- _Your instructions_
Only the lines from the one containing "Download Fresh Noc" through the final line below belong in the output, copied exactly and without pictures.

- _Information shown_
'''

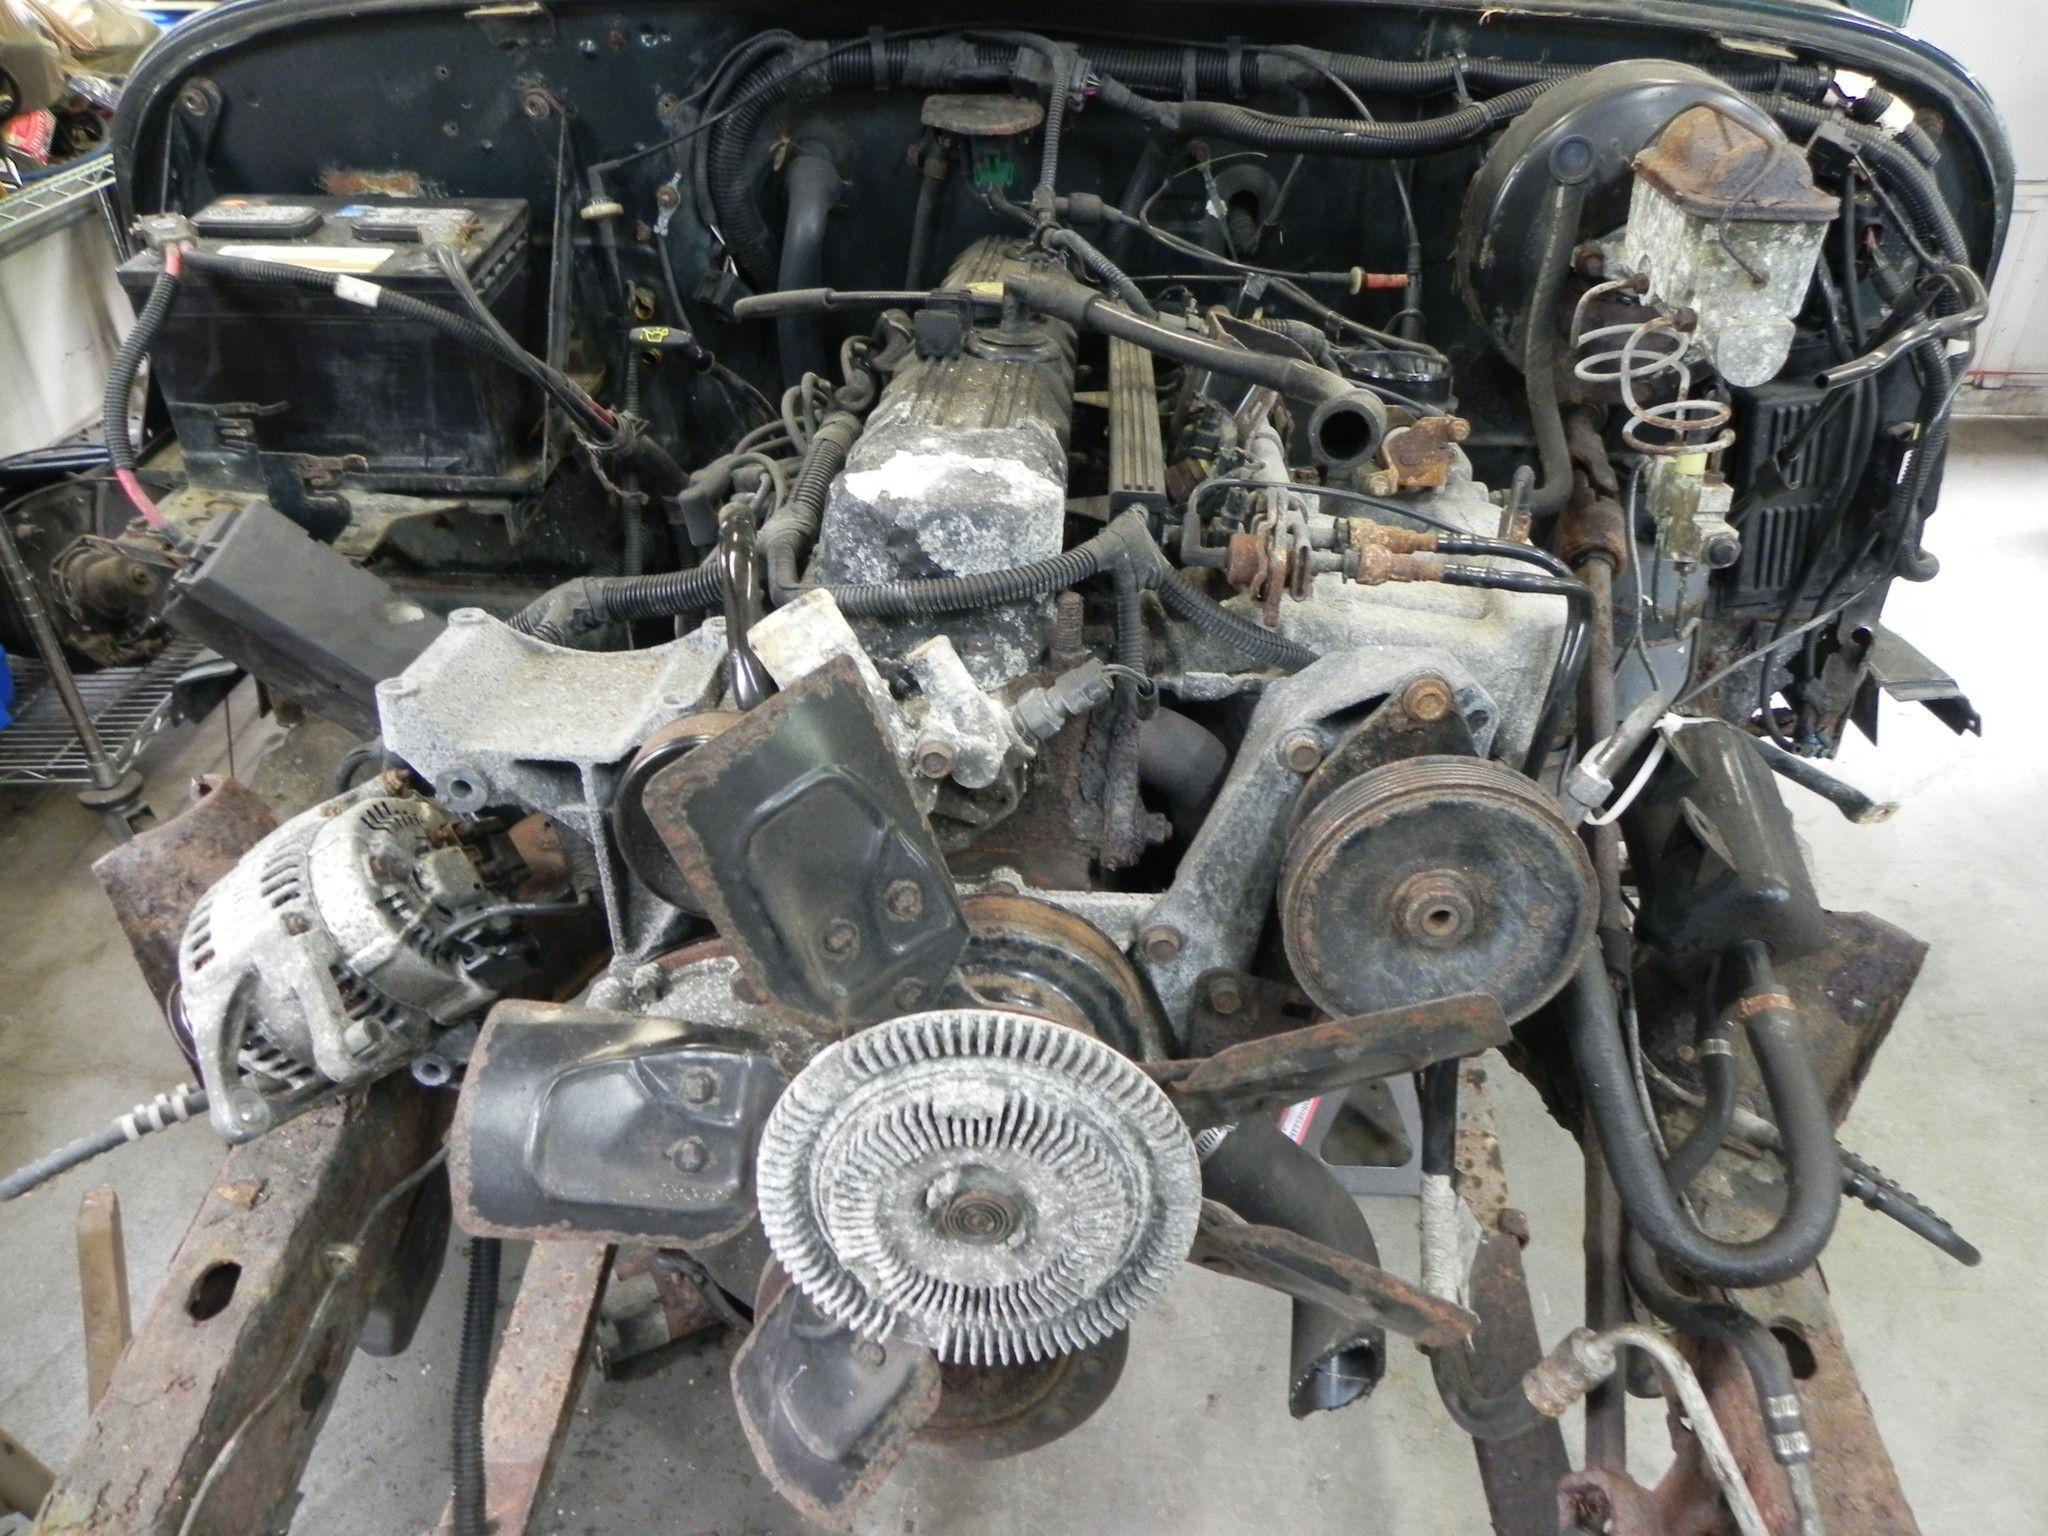 stright 6 jeep yj engine diagram motor 4 0 liter    straight       6    manual 115k miles 1994    jeep     motor 4 0 liter    straight       6    manual 115k miles 1994    jeep
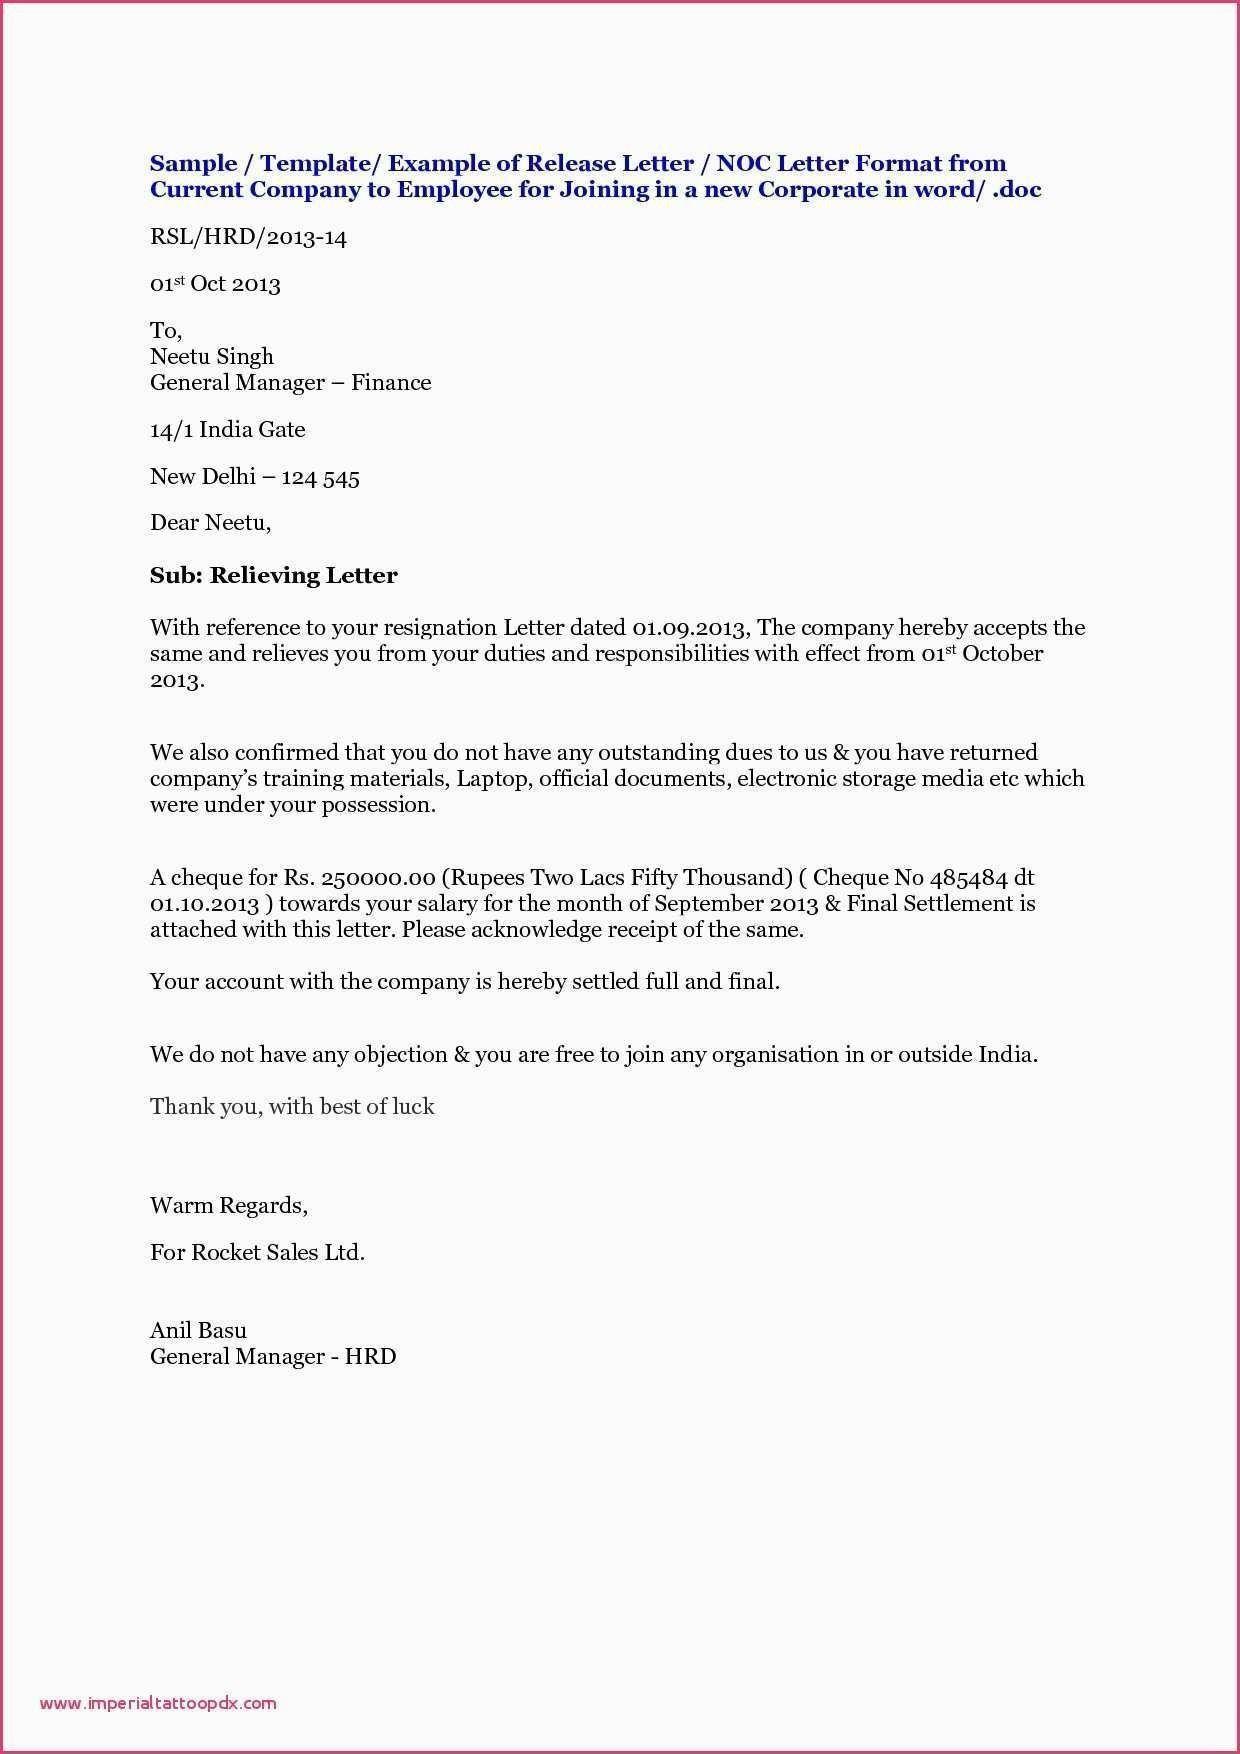 Download Fresh Noc Letter For Job Lettersample Letterformat Resumesample Resumeformat Lettering Award Template Letterhead Format
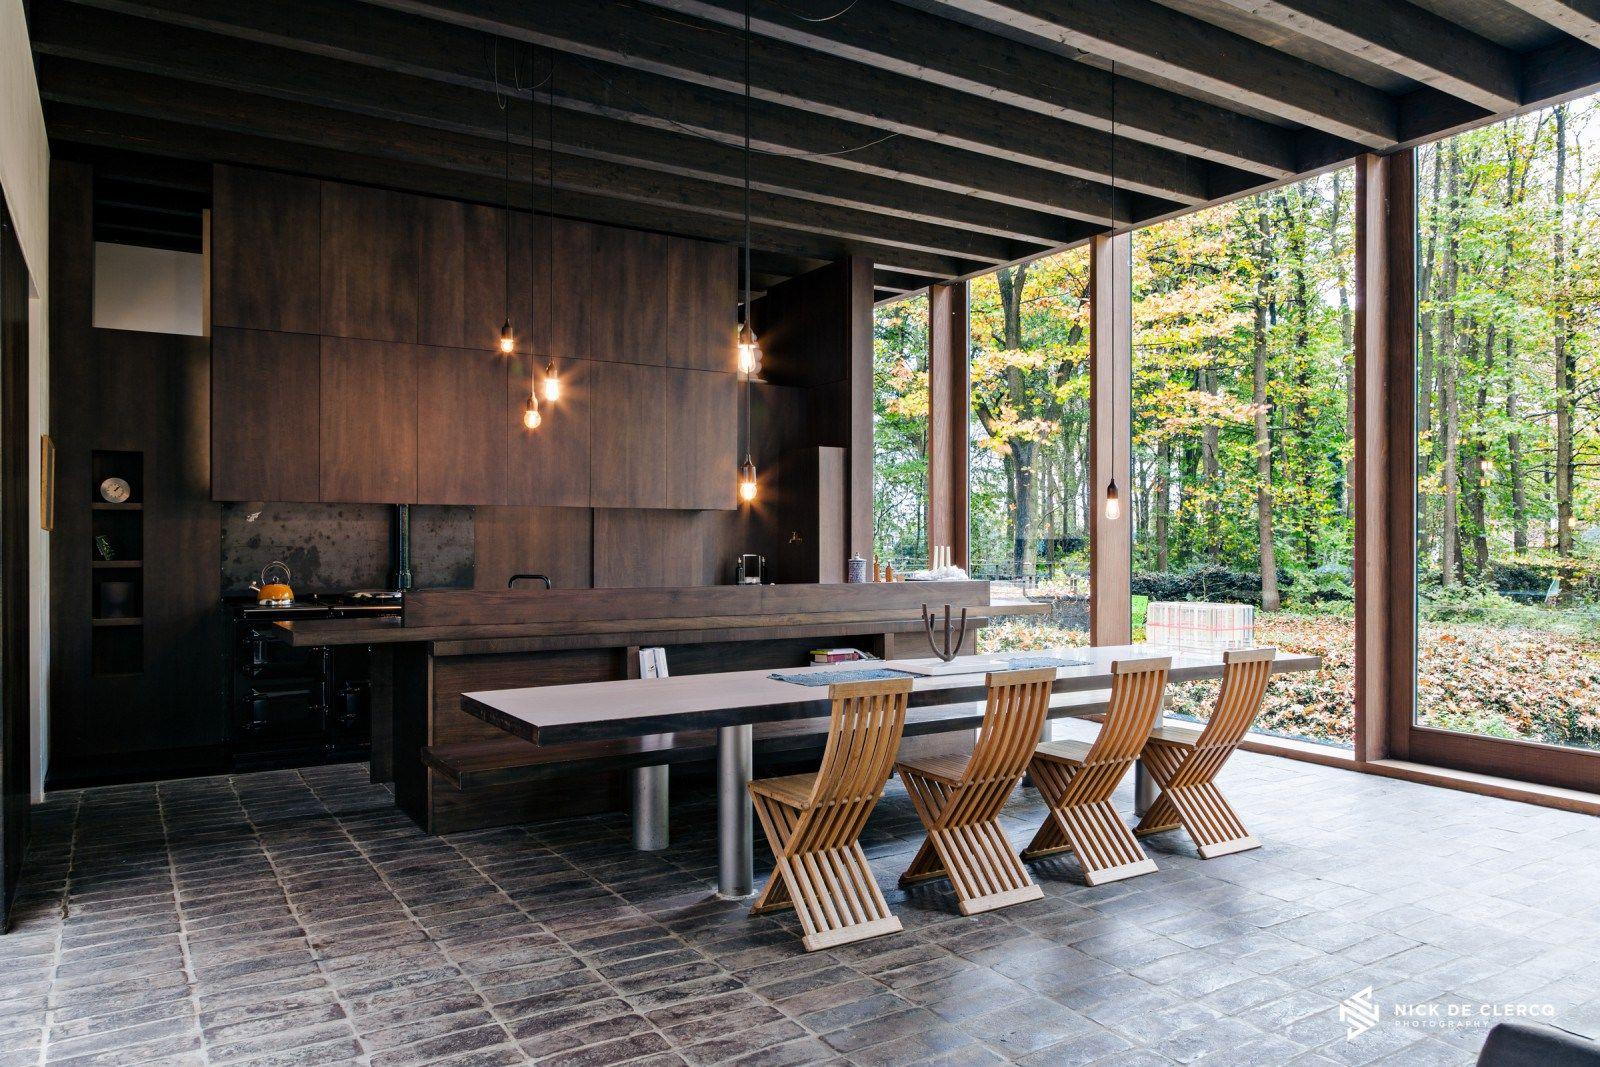 wabi-sabi architecture - nick de clercq photography   kitchen

'''

- _Exercise output_
 Download Fresh Noc Letter For Job Lettersample Letterformat Resumesample Resumeformat Lettering Award Template Letterhead Format
 wabi-sabi architecture - nick de clercq photography   kitchen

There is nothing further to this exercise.